Tuesday, 18 March 2014
She might: "The Machine"
The title of Welsh director Caradog James' ambitious, promisingly framed sci-fi thriller The Machine presumably has a double meaning. It could refer to those supersoldiers being engineered by scientists like Toby Stephens' Vincent in a remote military base, for use in some speculative future war against the Chinese; yet in a wider sense, it also conjures up images of the whole military-industrial complex, whose might is most often used to crush any individual who dares to break ranks. James' film begins with the arrival of young American tech whizz Ava (Caity Lotz) as Vincent's new assistant; an inquisitive soul, she's soon observed poking her nose around the base's many well-kept secrets. After she's shot one night in what appears an obvious act of war, her body is recovered by Vincent and reinvented, Frankenstein-like, as a formidable mix of brains, beauty and brute force.
At first content to take orders from the men around her, this fembot appears as pliable as, say, Kelly LeBrock in Weird Science - Tom Raybould's pulsingly electronic score further underlining the film's debt to 1980s sci-fi - but much as her logic boards might debate it, she has been programmed to kill, and rather more brutally and efficiently than anybody else around. Only belatedly does The Machine revert to conventional action mode, however: for the most part, James favours a spare, quasi-theatrical staging, using a small handful of sets with few exteriors. Keeping the lights low clearly remains a viable means by which novice directors can conceal the modest resources available to them, and the slightly too self-contained, even airless feel of one or two early scenes might generously be looked upon as deliberate.
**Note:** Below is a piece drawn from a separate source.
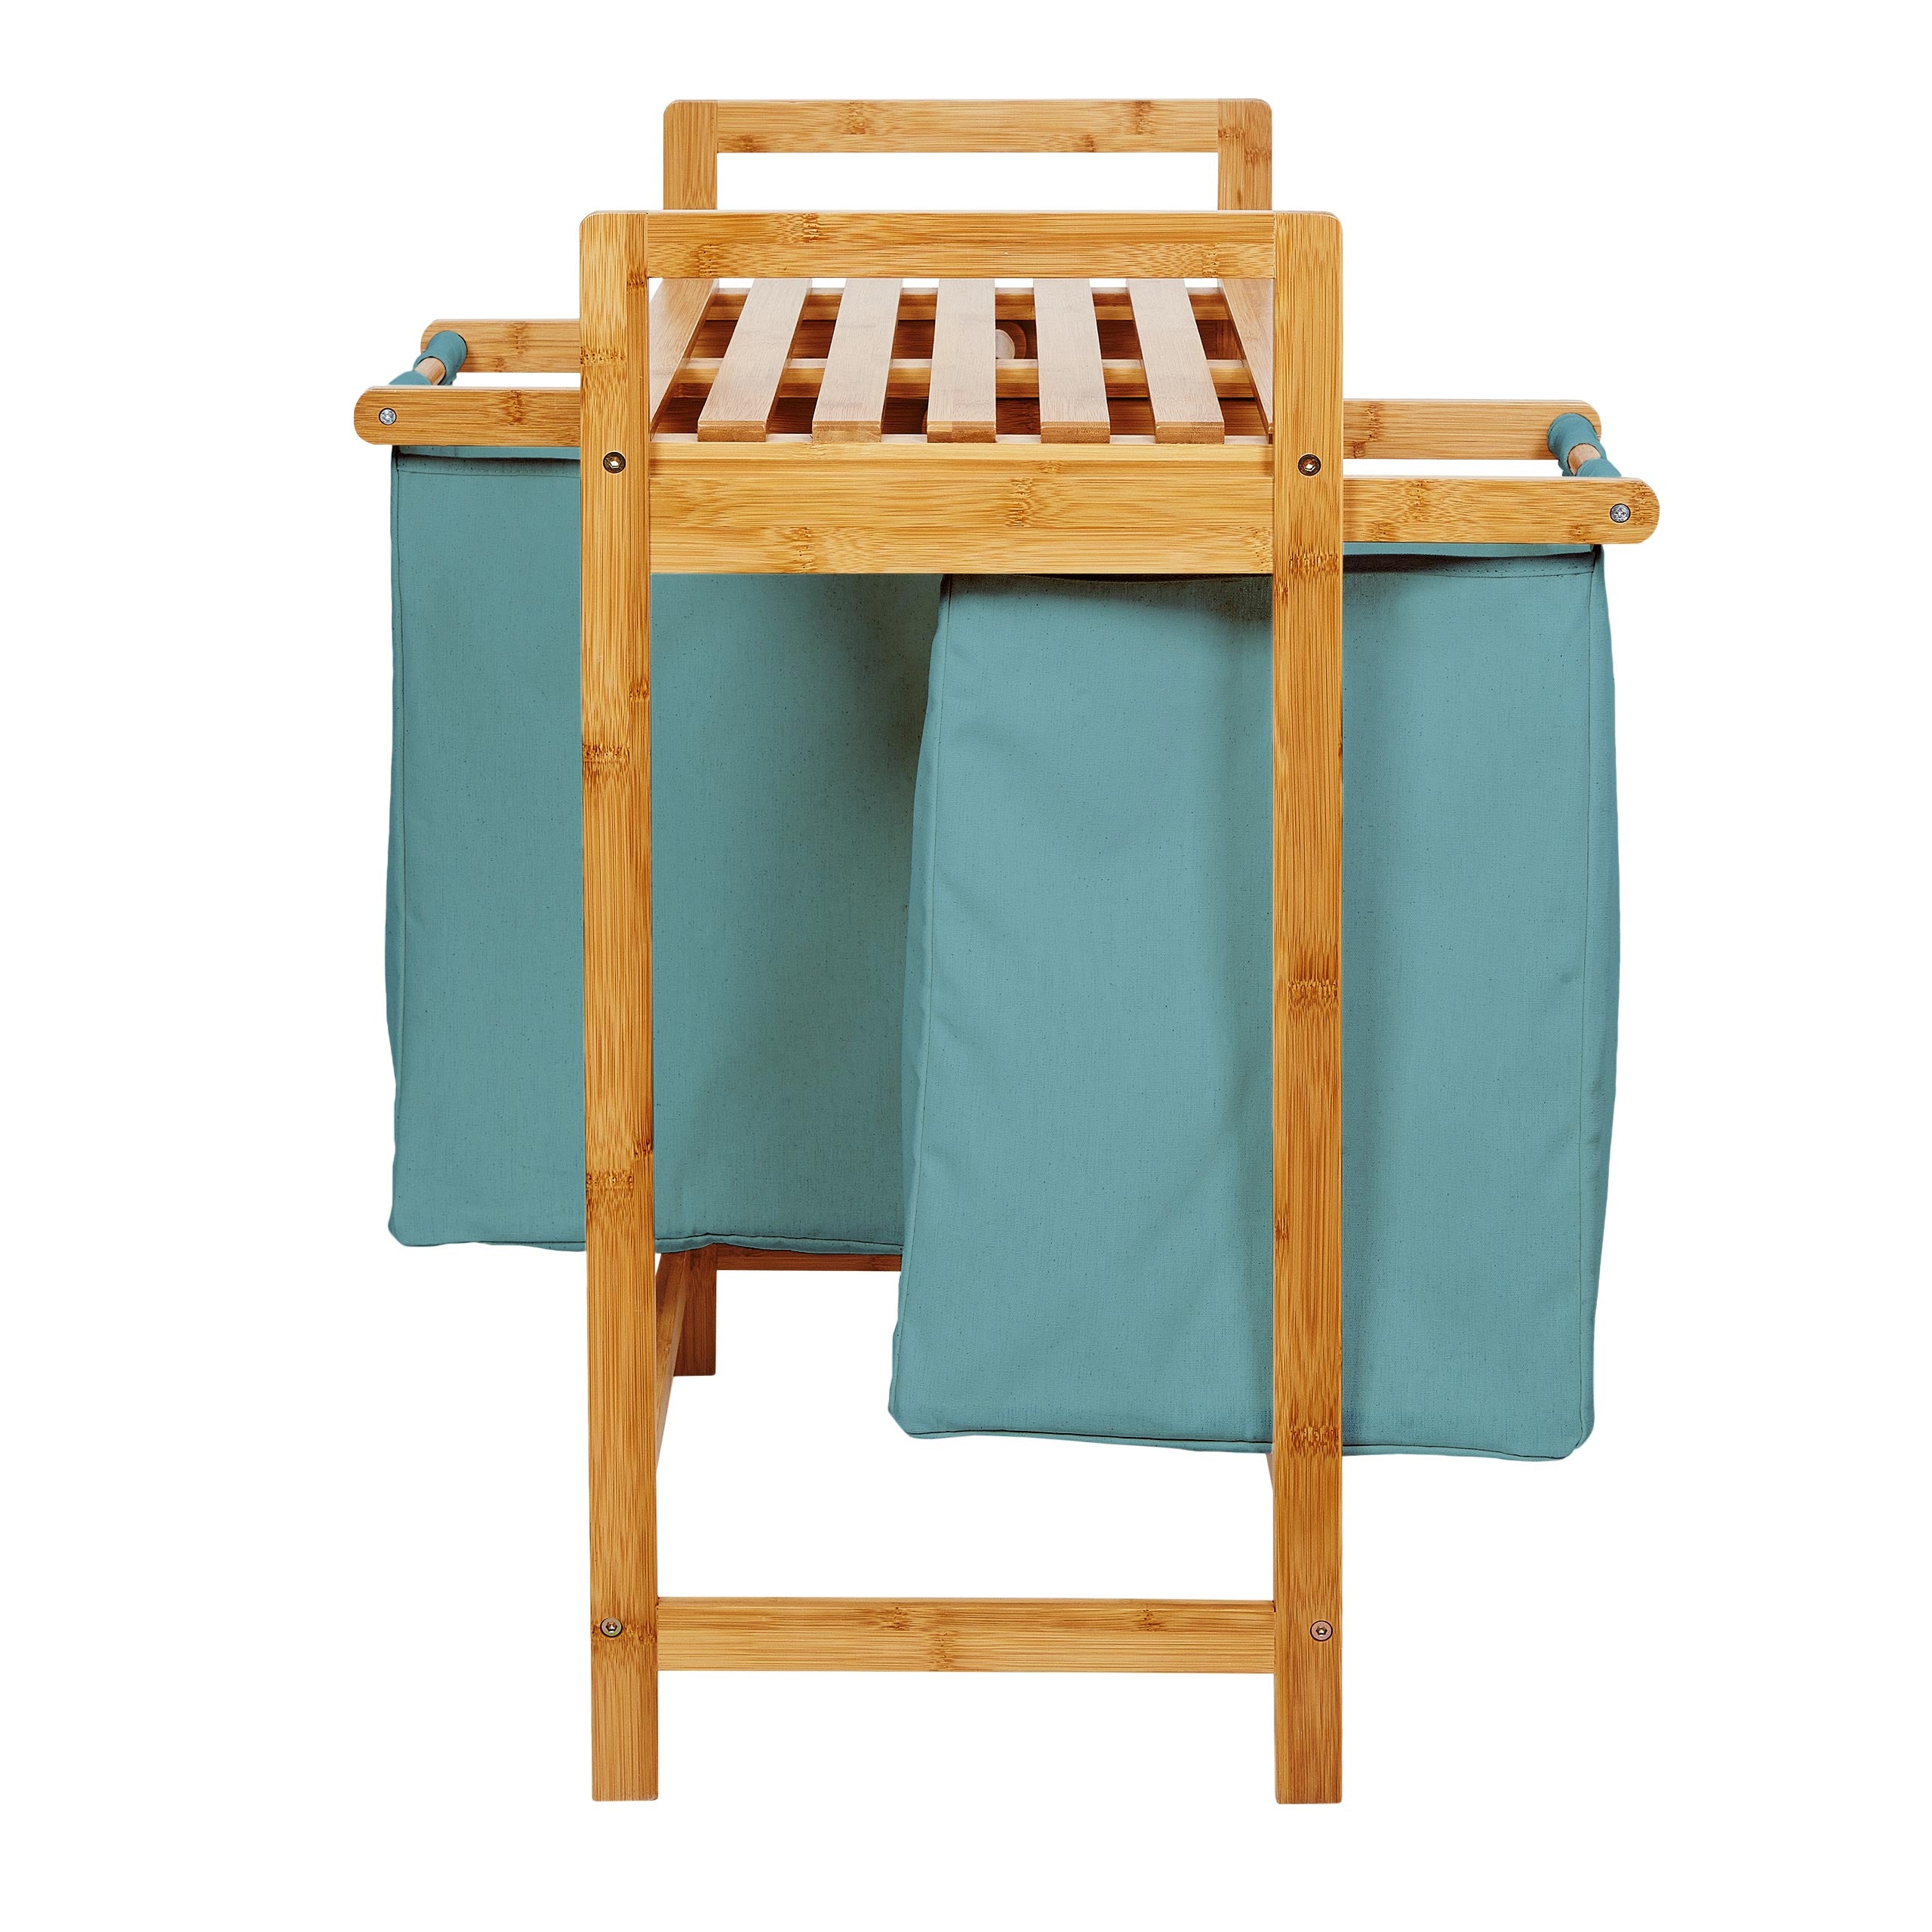 Bambus Wäschekorb mit 2 ausziehbaren Wäschesacken - 73 x 64 x 33 cm - Babyblau

Some of the ideas being picked over in this dark are familiar: the film may suffer from opening around the same moment as Under the Skin, a more visually daring exploration of similar themes, although it's clear James has thought about the degree to which intelligent machines might become humanised or weaponised, and he does something unusual in establishing a romantic, mutually beneficial relationship between the single father scientist and his increasingly protective creation. The thought extends to good, committed work from the leads. Stephens makes sense of his character's seesawing allegiances, shifting between friendly workplace badinage and something more sinister yet, while Lotz, who made an impression as the no-nonsense heroine of 2012's The Pact, mixes physical toughness with intriguing notes of grace: it's some sign of the film's unpredictable nature that it can find time for her to play out a strange ballet with the pools of water on the floor of her holding pen.
The Machine opens in selected cinemas from Friday, ahead of its DVD release on March 31.